[Opening Records section]

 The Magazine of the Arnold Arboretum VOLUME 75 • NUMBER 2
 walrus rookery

[Closing Records section]
[Opening Records section]

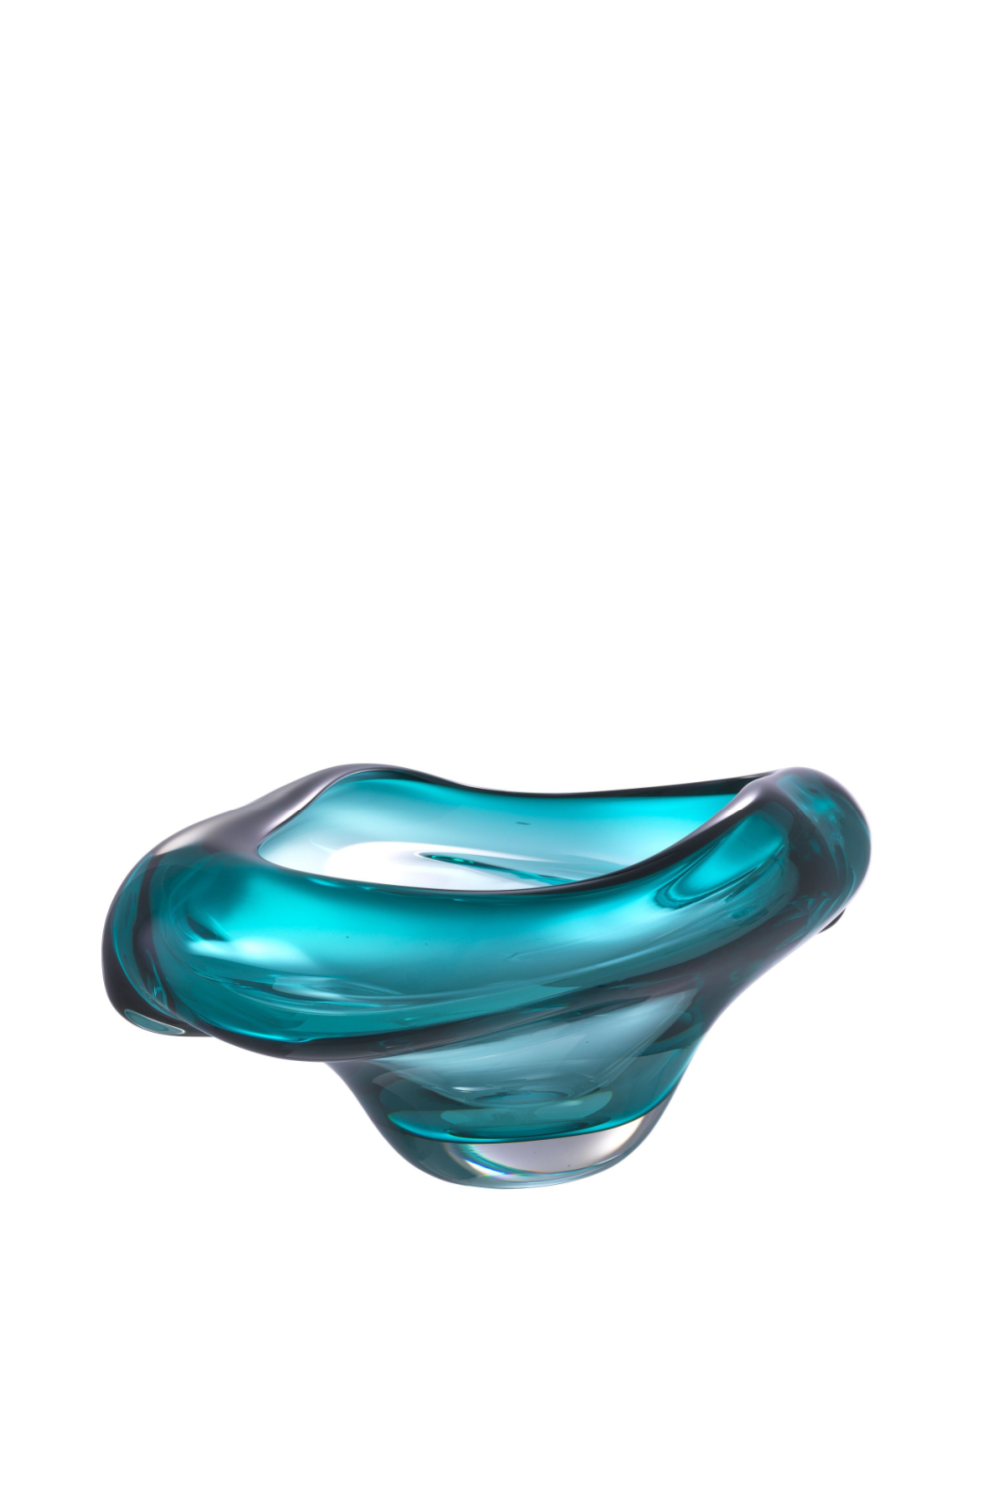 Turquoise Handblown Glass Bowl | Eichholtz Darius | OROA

[Closing Records section]

[What this task involves] From the material above, set down exactly the lines starting at the one with "The Magazine of" and ending at the one with "walrus rookery", end lines included.

[Task response]
 The Magazine of the Arnold Arboretum VOLUME 75 • NUMBER 2
 walrus rookery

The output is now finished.